Epidermolytic palmoplantar keratoderma was diagnosed by physical examination and histopathological analysis in a five-generation Chinese family. Mutation was screened by Sanger sequencing. The palmar expression of multiple cytokeratins were analyzed by tape-stripping and Real-time PCR. Literatures of EPPK with additional symptoms were reviewed.

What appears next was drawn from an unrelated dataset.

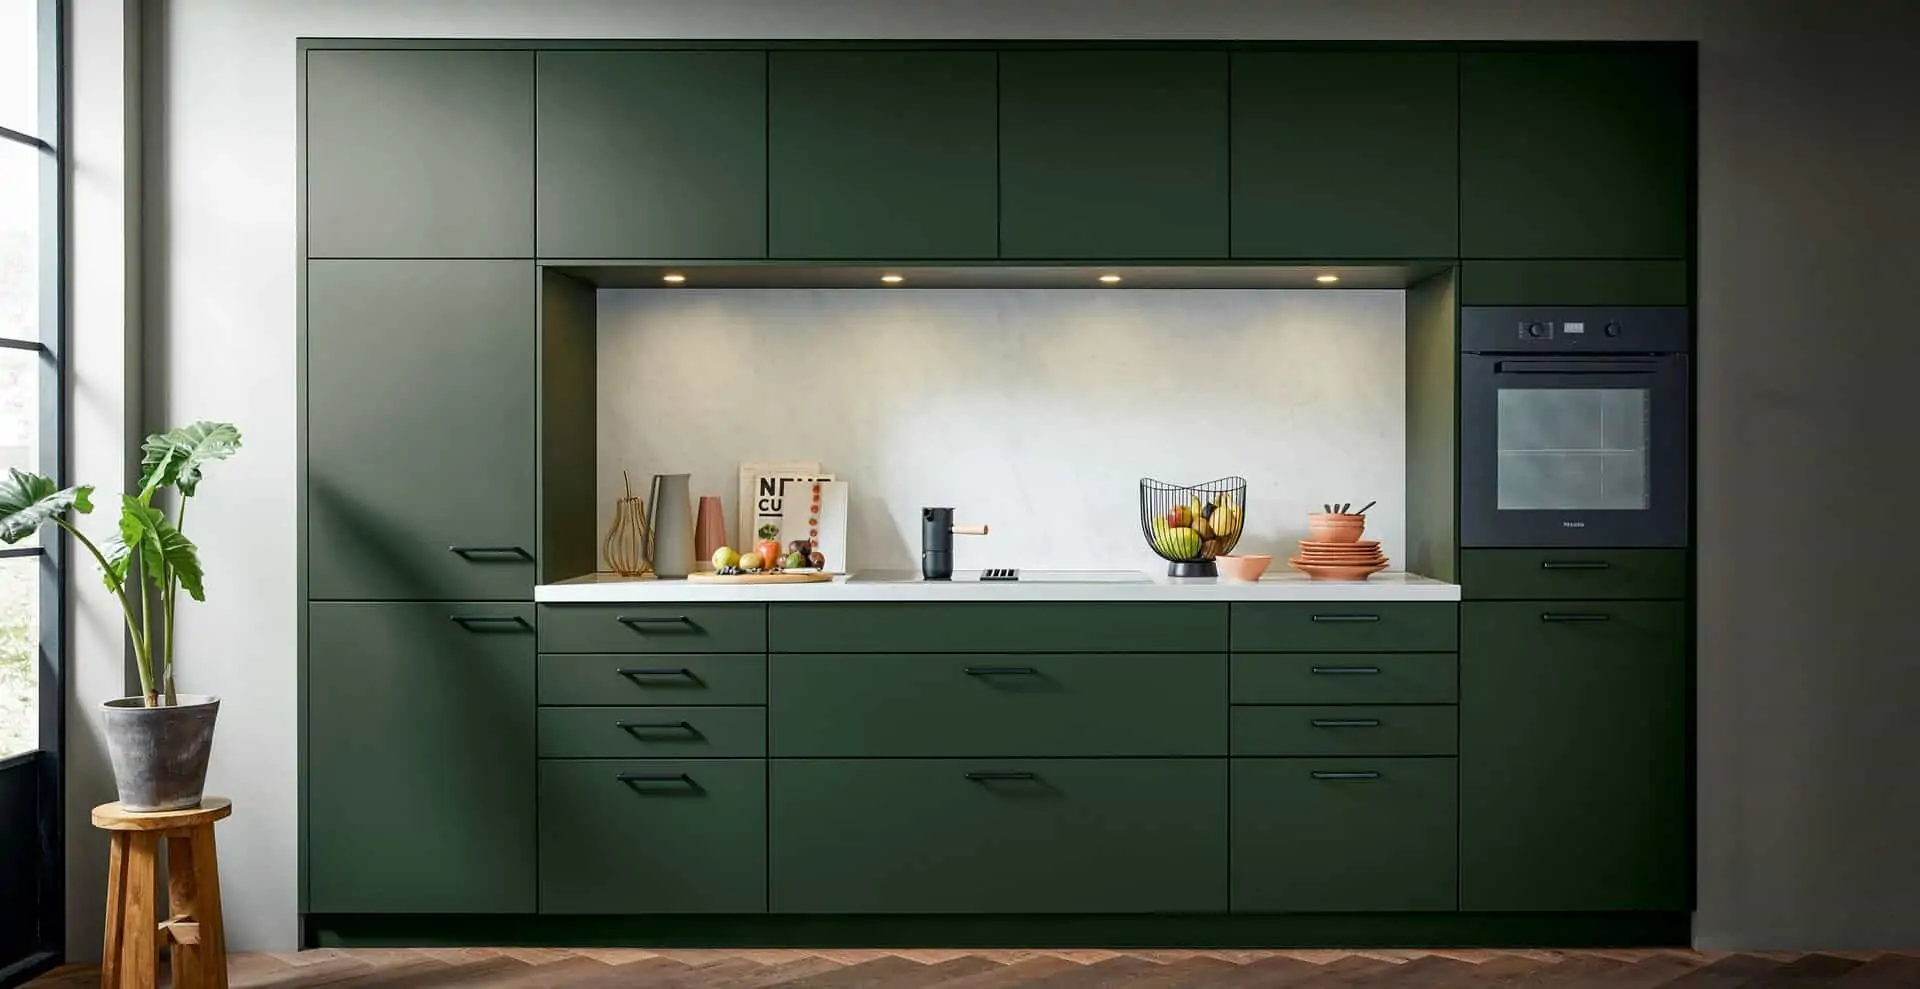 green designer kitchen colour with island, cabinets, and cupboard

Affected family members showed diffuse palmoplantar keratosis, with knuckle pads, friction-related lesions and a novel additional symptom of palmar constriction. A heterozygous mutation of c.T491C (p.L164P) of KRT9 was found within the helix initiation motif. The hydrophobic effect was decreased and the initiation of coiled-coil conformation was delayed. The KRT16/KRT6 expression were significantly increased in the patients, especially on the right, indicating activation of stress-response and wound-healing cytokeratins. There were also increased KRT9/KRT2, unchanged KRT10/KRT1, and undetectable KRT14/KRT5 expression. The genetic and phenotypic heterogeneity of EPPK with additional symptoms were summarized by literature review.
The p.L164P mutation of KRT9 caused EPPK with a novel symptom of palmar constriction. The expression of multiple cytokeratins was altered in EPPK patients.